Our results lend support to the idea that CoM is a task variable of critical importance to balance, and further, that CoM is controlled despite high degrees of joint angle variation. Raw kinematic traces qualitatively showed more similarities in CoM control between subjects than either joint angle measured. Inter-subject similarities in CoM sway over the entire time-course of the perturbation were also qualitatively noted despite modulation of sensory input and perturbation amplitude, and differences in anthropometrics (BoS width, CoM height, mass distribution/inertia). This is consistent with other studies in movement control demonstrating lower variability in task-level variables such as CoM and hand location compared to joint angle variables (Scholz and Schoner 1999; Krishnamoorthy et al. 2005; Black et al. 2007; Wu et al. 2009) The larger qualitative similarities of CoM variables across subjects compared to joint variables suggest that CoM may be a critical controlled variable for the neural control of balance.

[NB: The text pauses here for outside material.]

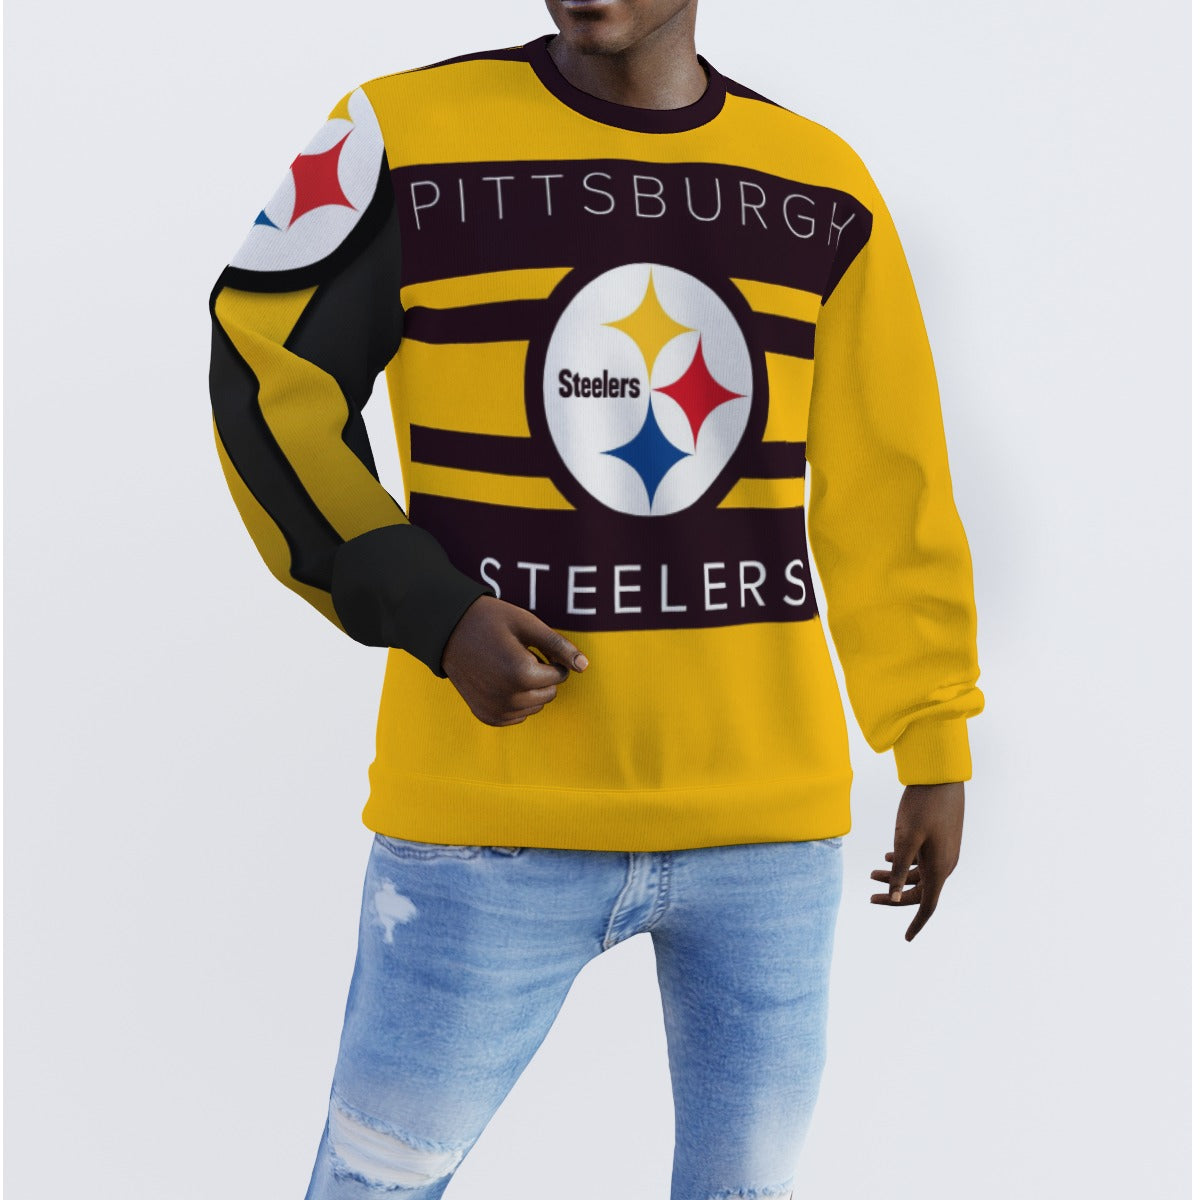 pittsburgh steelers jeans

Similarly, it has been demonstrated that a common sensorimotor feedback mechanism based on task-level error can give rise to variable temporal patterns of muscle activity over a variety of perturbation amplitudes (Welch and Ting 2009; Lockhart and Ting 2007) and directions (Safavynia and Ting 2013). Our study suggests that subjects may differently use ankle and hip strategies to achieve similar control of CoM across perturbation difficulty. Finally, it is likely that other task-level variables such as trunk or head location and orientation may also govern the neural control of balance, as suggested previously (Buchanan and Horak 1999; Horak and Macpherson 1996; Massion 1994). We were unable to identify any consistencies in head kinematics due to high intra- and inter-subject variability of head marker position throughout the task, which may reflect different strategies employed by subjects. However, we cannot exclude the possibility that multiple control strategies may be used simultaneously over varying timescales, consistent with different control mechanisms for different body segments (Keshner and Dhaher 2008). Thus, while vision influences postural strategies at the joint level, regardless of the observed kinematic patterns, such postural strategies subserve the ability of the nervous system to regulate task variables.